• [EXERCISE]:
Go through the listing below and output exactly the line with "PlayStation Store предлагает", the line with "porto_paisagem", and each line between; omit the rest.

[[ MATERIAL FOR THIS TASK, beginning ]]

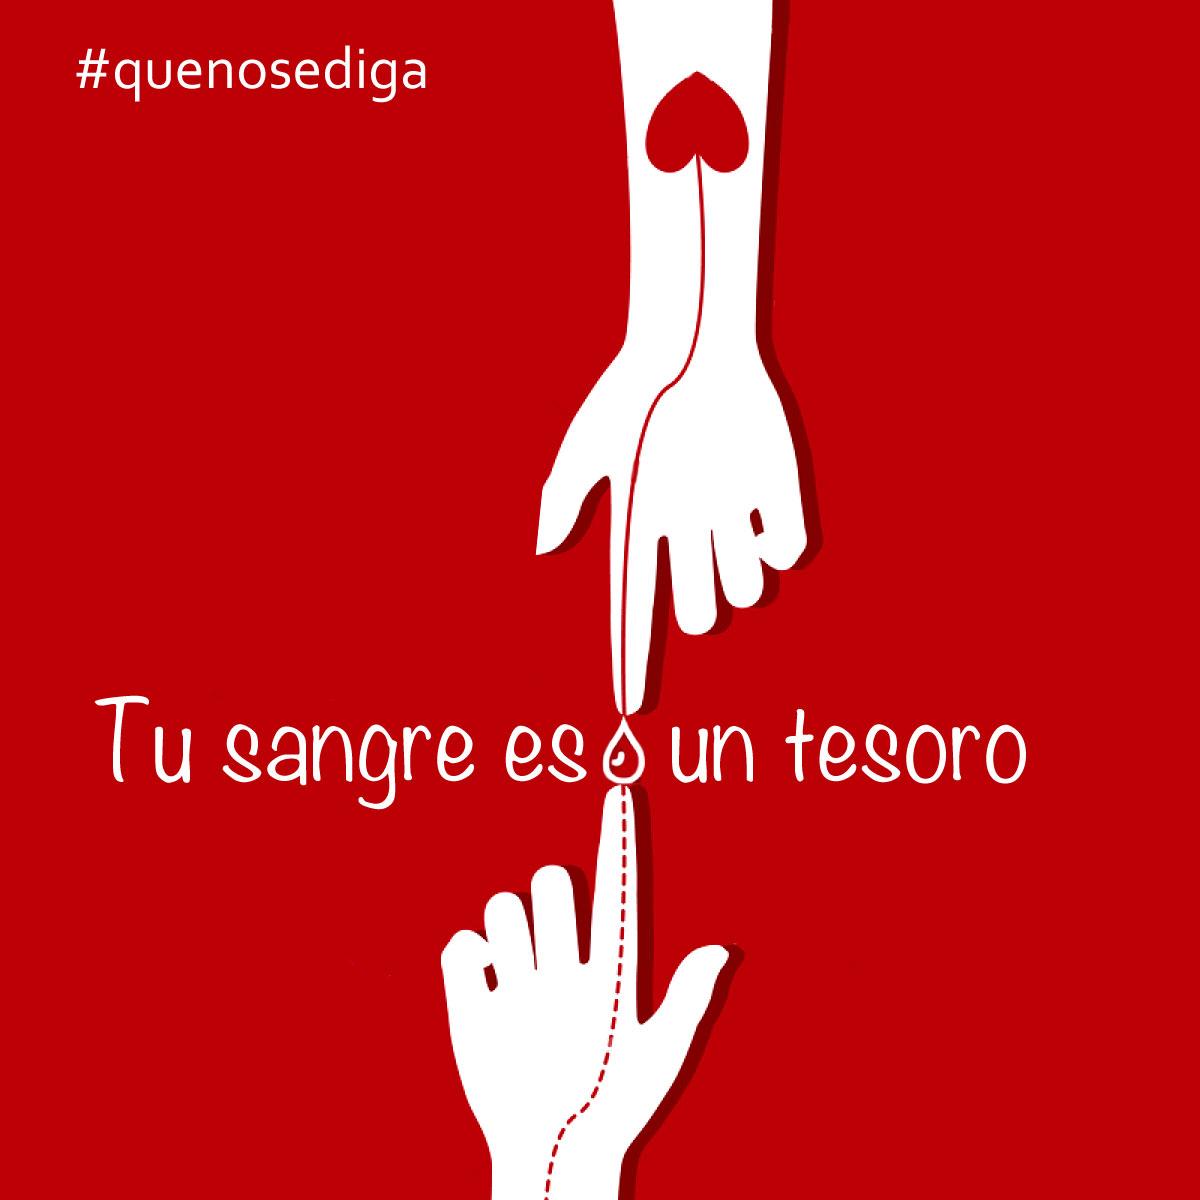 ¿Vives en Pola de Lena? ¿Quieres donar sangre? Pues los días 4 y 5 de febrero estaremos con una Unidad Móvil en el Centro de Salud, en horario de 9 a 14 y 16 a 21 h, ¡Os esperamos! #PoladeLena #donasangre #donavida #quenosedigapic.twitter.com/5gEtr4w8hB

[[ MATERIAL FOR THIS TASK, end ]]
[[ MATERIAL FOR THIS TASK, beginning ]]

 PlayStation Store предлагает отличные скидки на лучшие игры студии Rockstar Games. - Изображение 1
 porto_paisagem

[[ MATERIAL FOR THIS TASK, end ]]

• [ANSWER BELOW]:
 PlayStation Store предлагает отличные скидки на лучшие игры студии Rockstar Games. - Изображение 1
 porto_paisagem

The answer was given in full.